**Task to carry out**
Print the data below exactly, but only the lines from the one containing "Dancing Walrus<Br>16.5 x" down to the one containing "Kathryn-Allen-Boulder-wedding-2018-by-Lisa-ODwyer-673.jpg", inclusive.

**Data for processing**

━━━

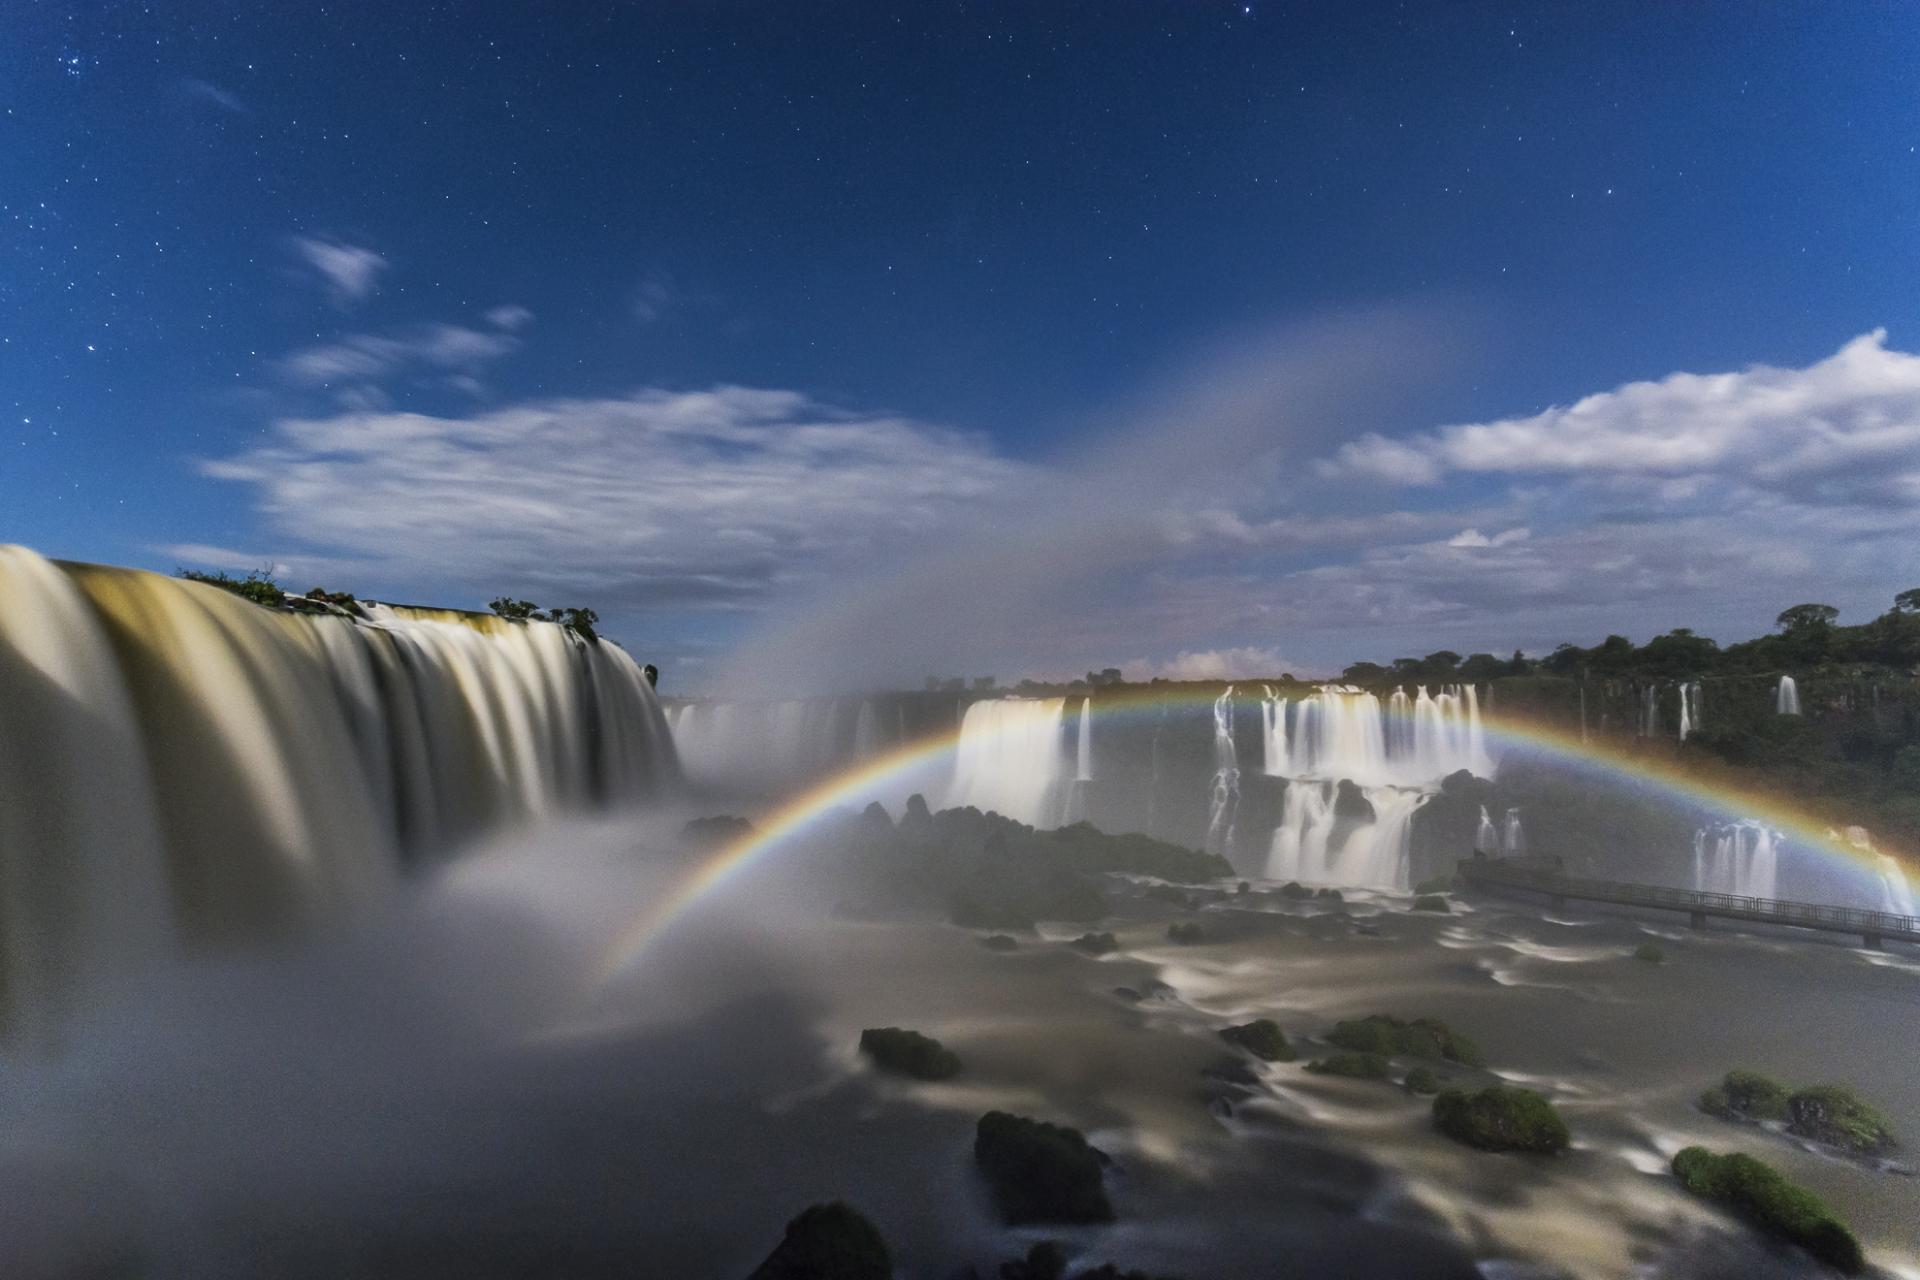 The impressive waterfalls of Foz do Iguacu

━━━

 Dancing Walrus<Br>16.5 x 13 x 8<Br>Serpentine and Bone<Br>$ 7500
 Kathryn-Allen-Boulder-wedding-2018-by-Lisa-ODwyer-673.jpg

━━━

**Task solution**
 Dancing Walrus<Br>16.5 x 13 x 8<Br>Serpentine and Bone<Br>$ 7500
 Kathryn-Allen-Boulder-wedding-2018-by-Lisa-ODwyer-673.jpg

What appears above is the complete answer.